Reference: Existing Data Sources

Read snowflake/config/databases.tf and snowflake/config/users.tf for existing patterns:

Database Service Account Schemas Pattern
DLT SVC_DLT OPEN_EXCHANGE_RATES, APPLICATION_DATA, HUBSPOT Direct load via dlt
SNOWPIPE (none - auto-ingest) OPEN_EXCHANGE_RATES S3 auto-ingest
AIRBYTE SVC_AIRBYTE HUBSPOT Connector load via Airbyte
STREAMING SVC_KAFKA_CONNECTOR ORDER_EVENTS Kafka sink connector

Steps

1. Create the Database

Add to snowflake/config/databases.tf:

module "database_<loader>" {
  source = "./modules/snowflake_database"

  providers = {
    snowflake.sys_admin      = snowflake.sys_admin
    snowflake.security_admin = snowflake.security_admin
  }

  database_name    = "<LOADER>"
  database_comment = "Raw data loaded by <loader>."

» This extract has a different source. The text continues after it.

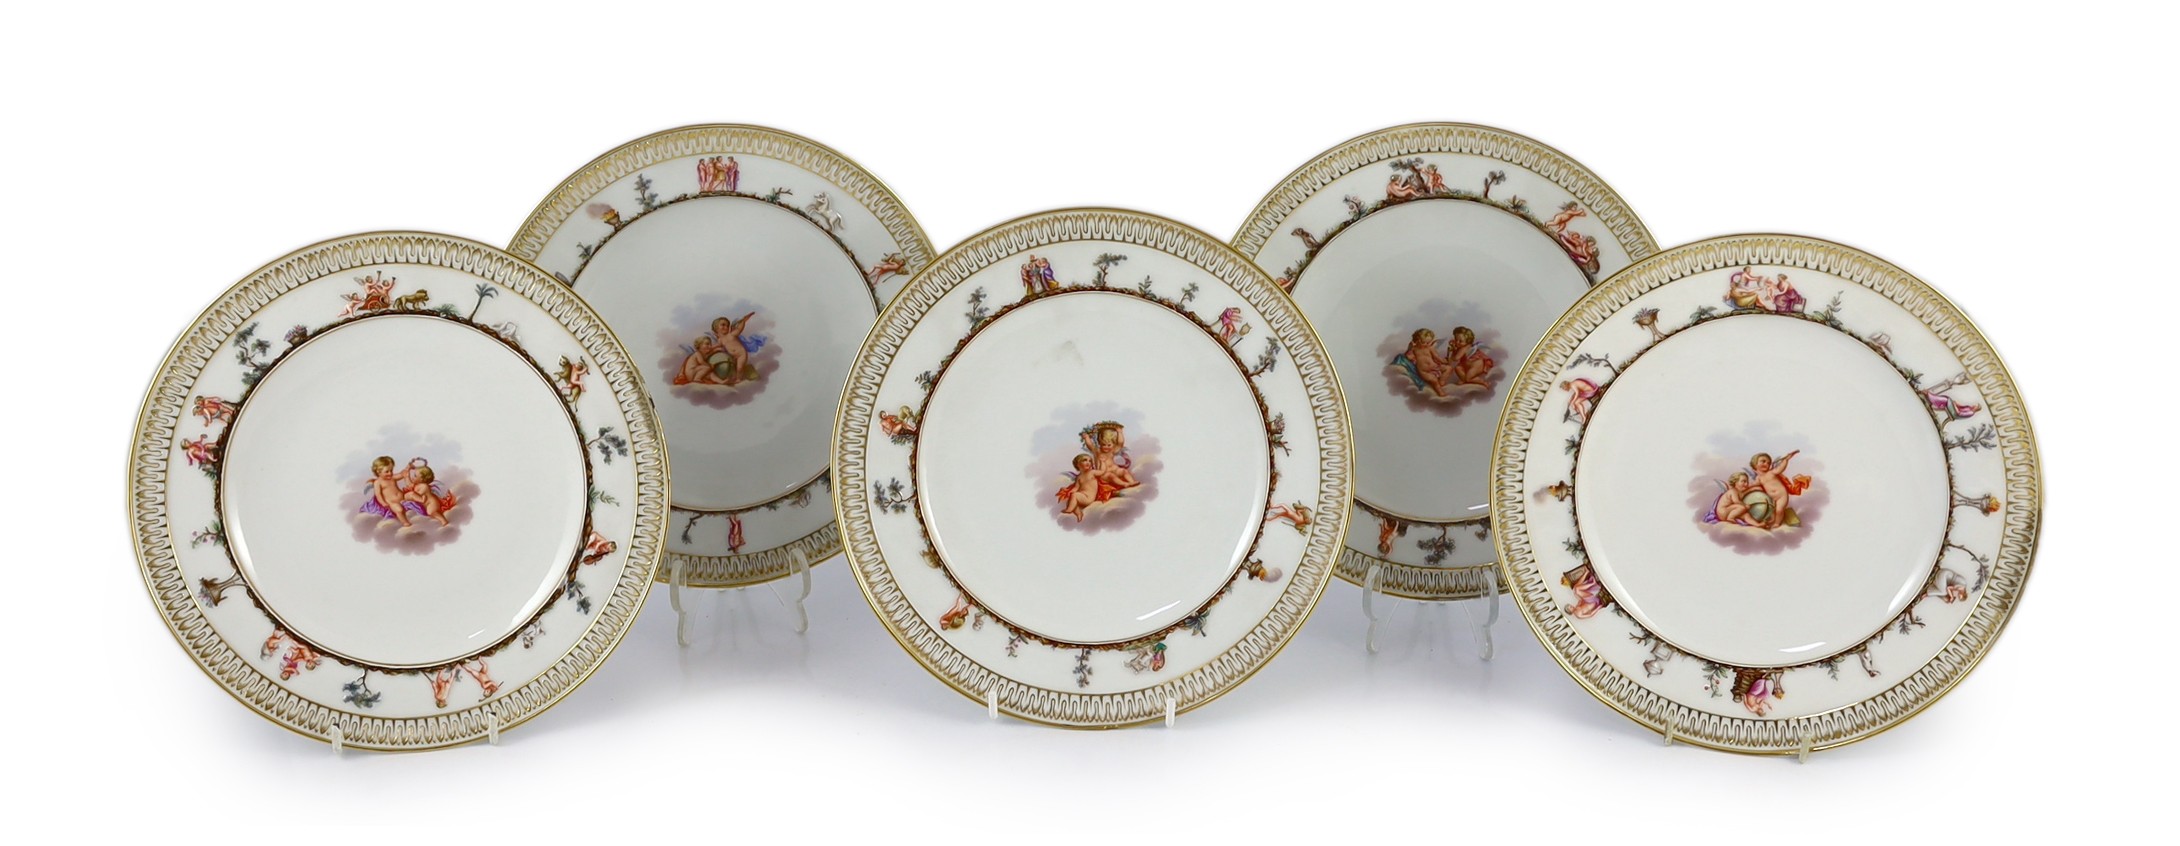 A set of five Meissen Capo di Monte style plates, 19th century, 22.7cm diameter, slight faults

  grant_reader_to_account_roles = [
    module.role_analytics_sources_reader.role_name,
  ]
  grant_writer_to_account_roles = [
    module.user_svc_<loader>.user_default_role,
  ]
}

Replace <LOADER> with the tool name in UPPER_CASE and <loader> in lowercase.

The database module automatically creates <LOADER>_DB_READER and <LOADER>_DB_WRITER database roles. Granting the reader to ANALYTICS_SOURCES_READER maintains the reader access chain so downstream developers and transformers can query the data.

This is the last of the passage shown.